*Try it*
Write out exactly the lines below starting at the one containing "Teatralne Lustra –" and ending at the one containing "New Sleek Business". Omit every picture.

*Provided entries*
○ ○ ○ ○

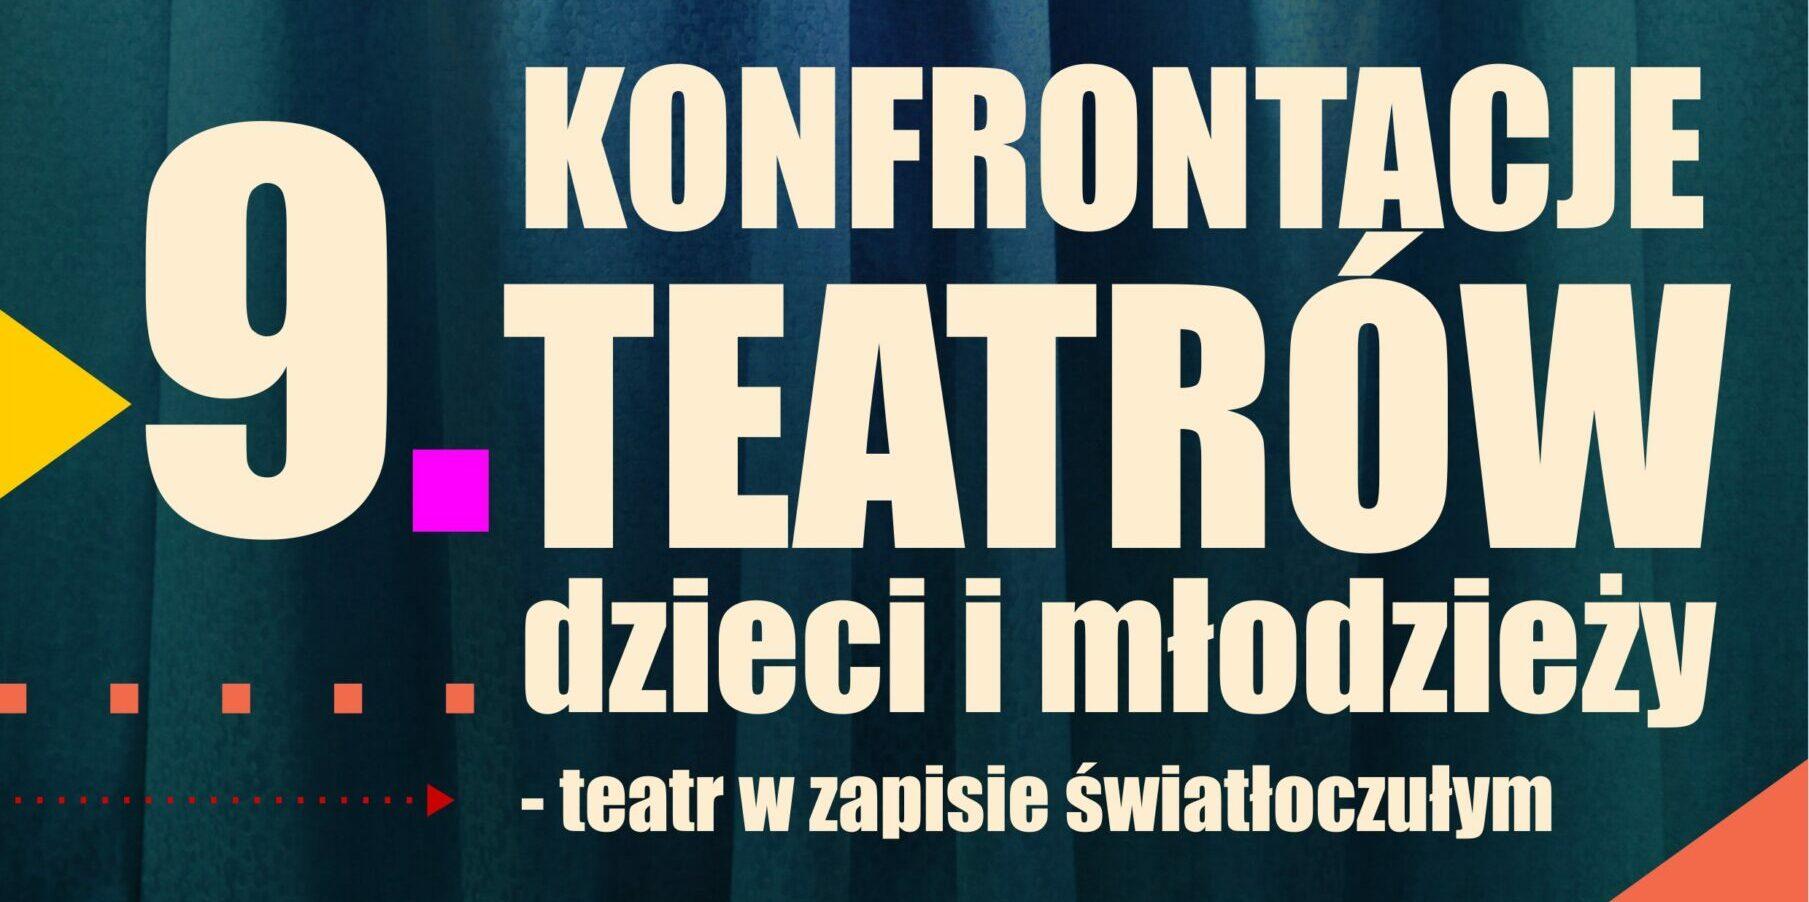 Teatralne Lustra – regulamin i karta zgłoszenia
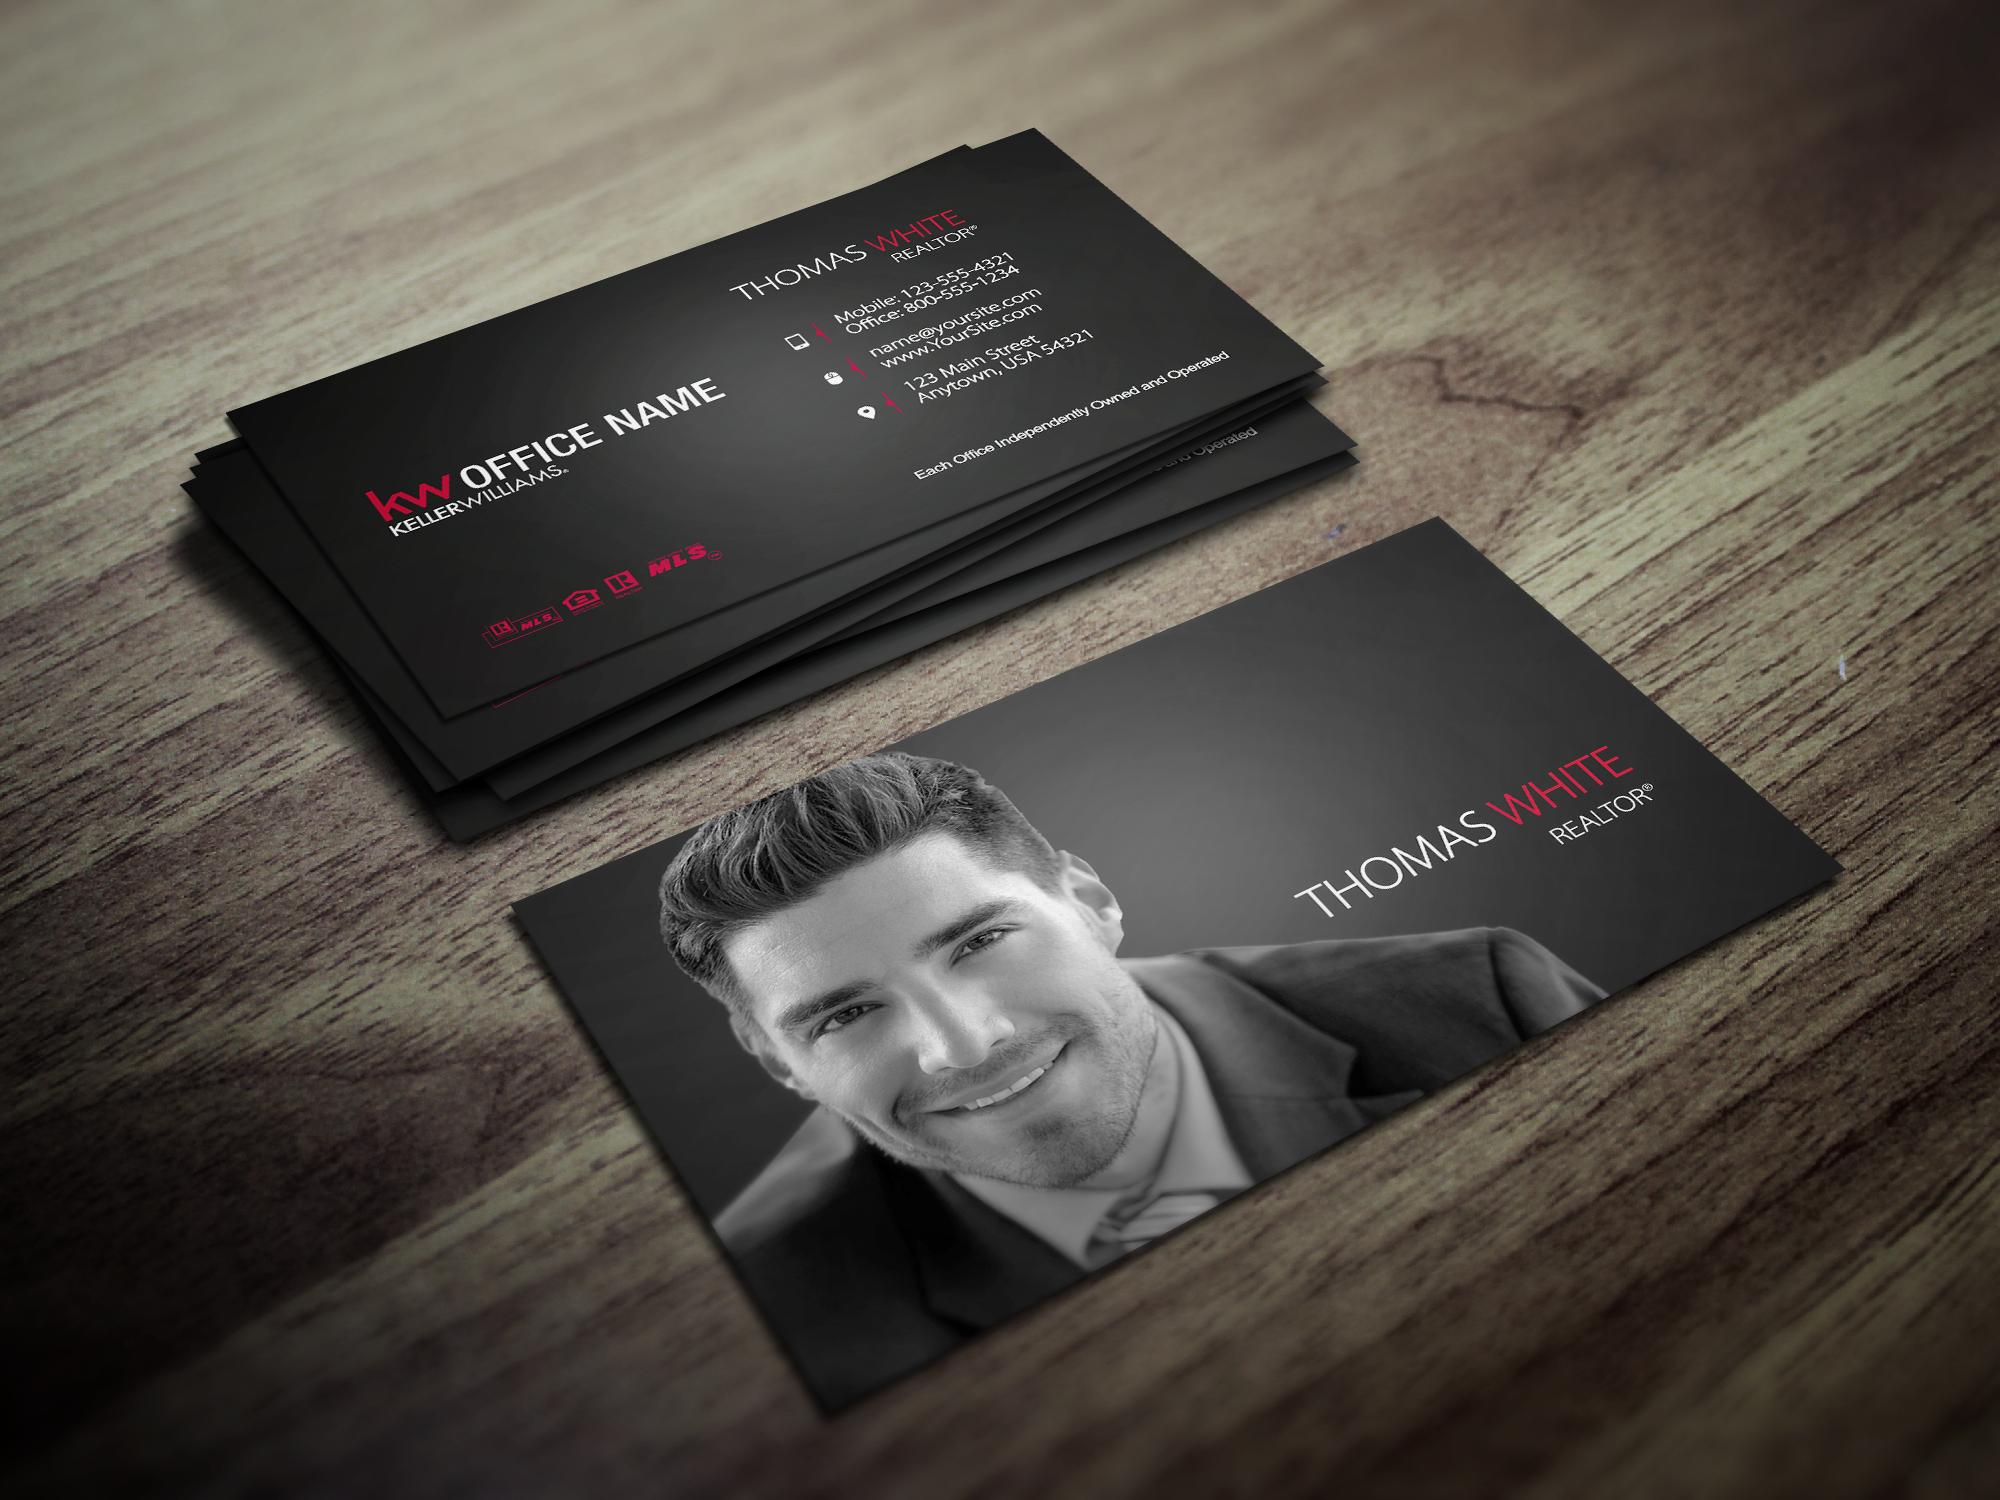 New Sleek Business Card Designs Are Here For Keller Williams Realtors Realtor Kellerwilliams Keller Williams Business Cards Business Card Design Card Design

○ ○ ○ ○

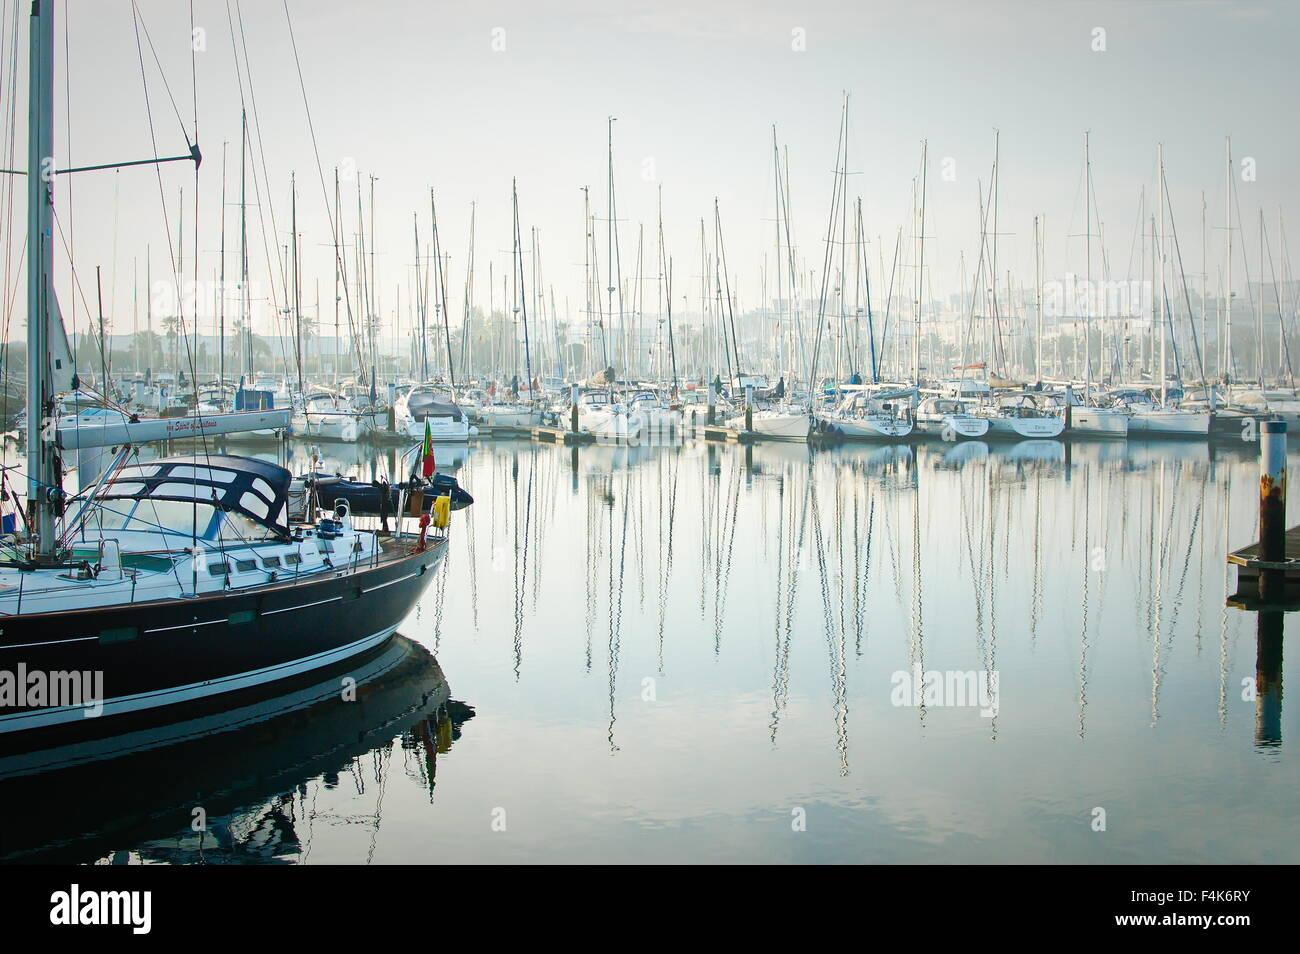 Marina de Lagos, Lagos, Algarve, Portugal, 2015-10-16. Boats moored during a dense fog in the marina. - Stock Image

○ ○ ○ ○

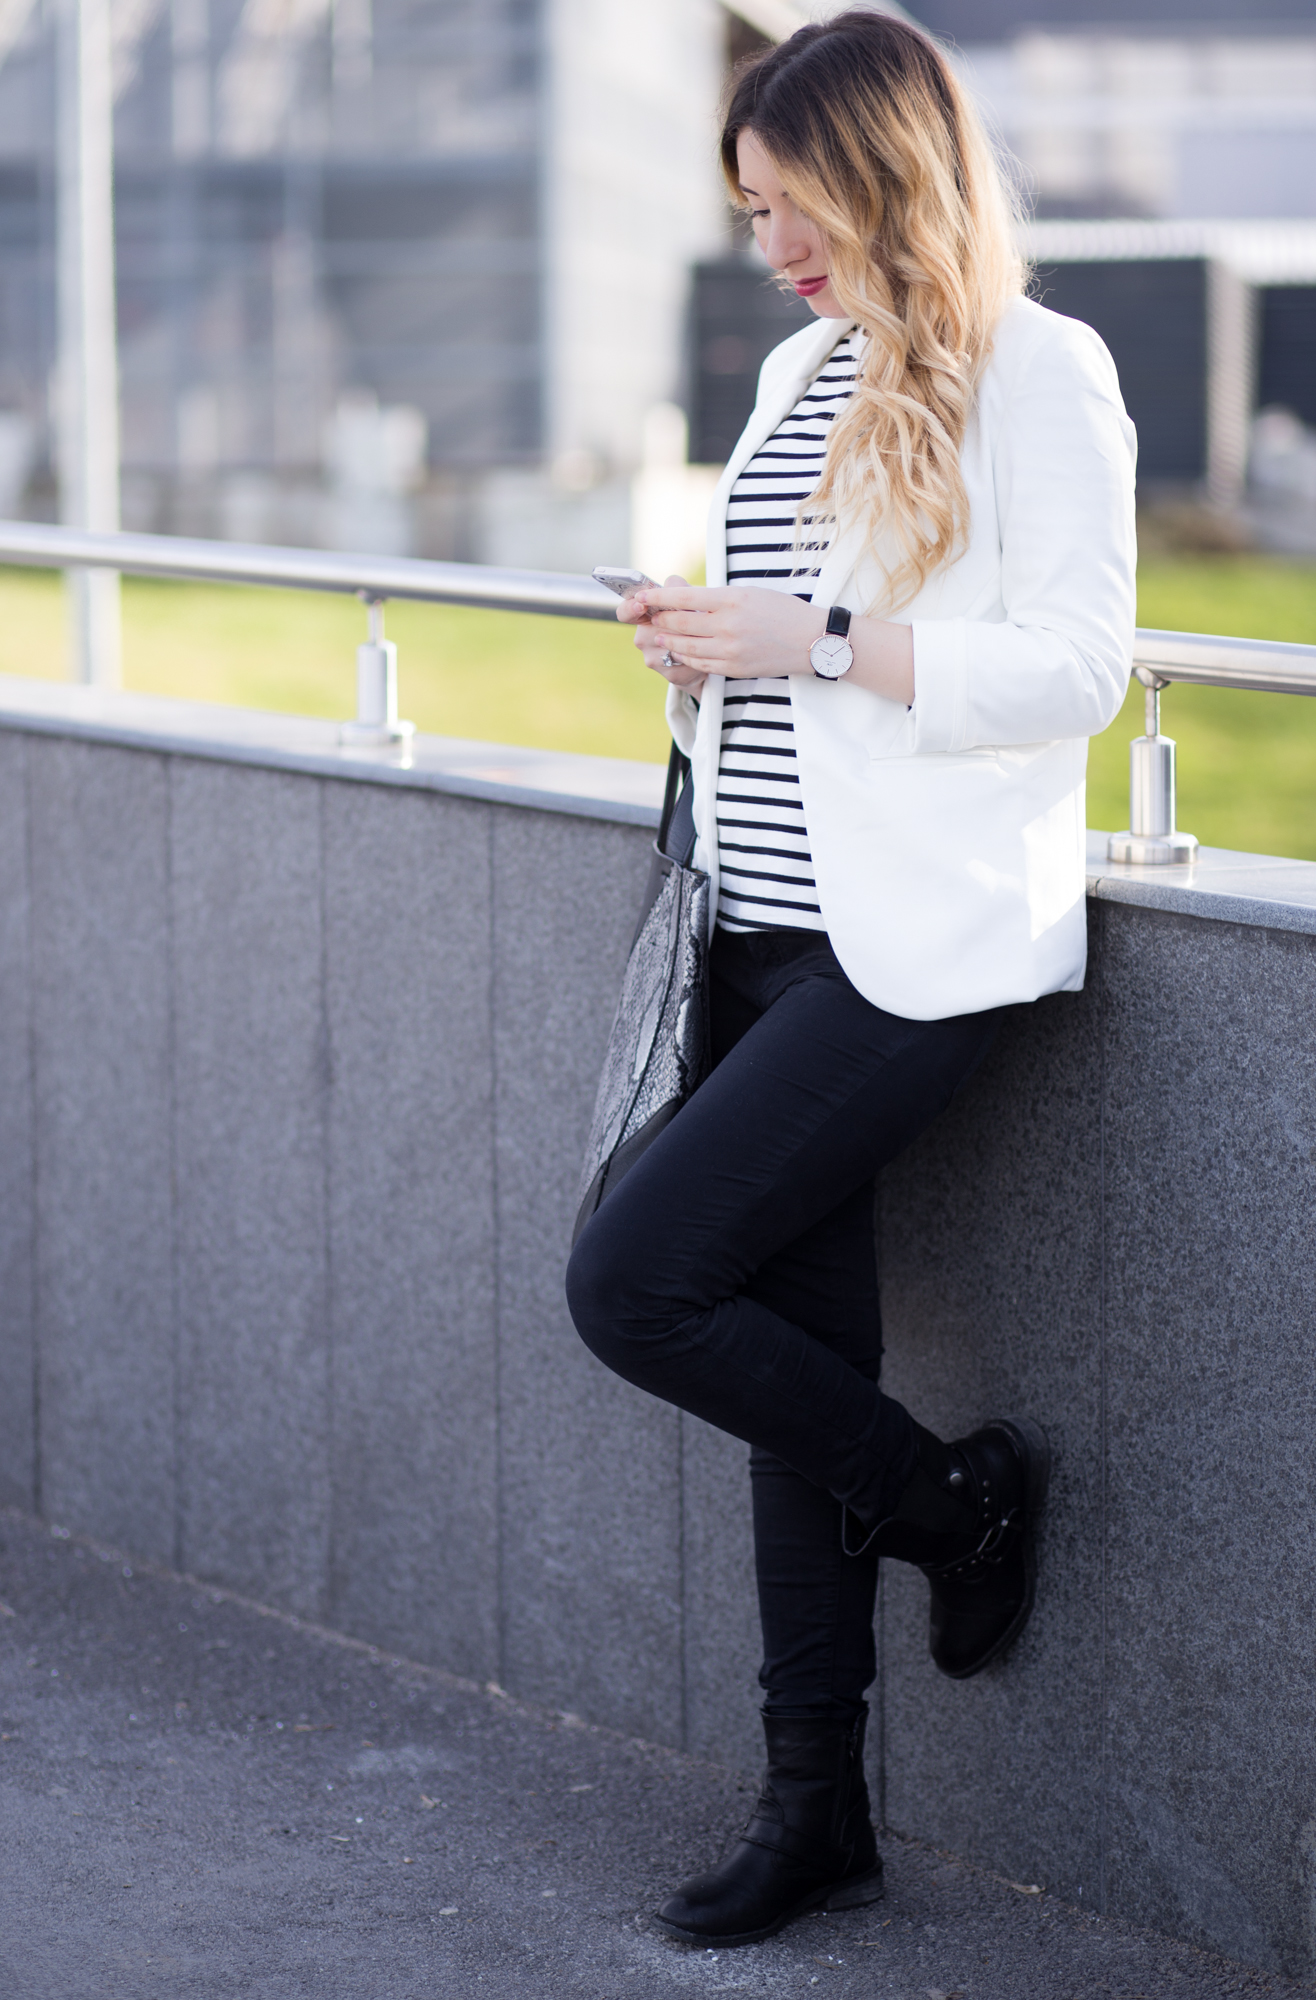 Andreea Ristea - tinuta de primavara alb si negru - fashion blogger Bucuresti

○ ○ ○ ○

*Task solution*
 Teatralne Lustra – regulamin i karta zgłoszenia
 New Sleek Business Card Designs Are Here For Keller Williams Realtors Realtor Kellerwilliams Keller Williams Business Cards Business Card Design Card Design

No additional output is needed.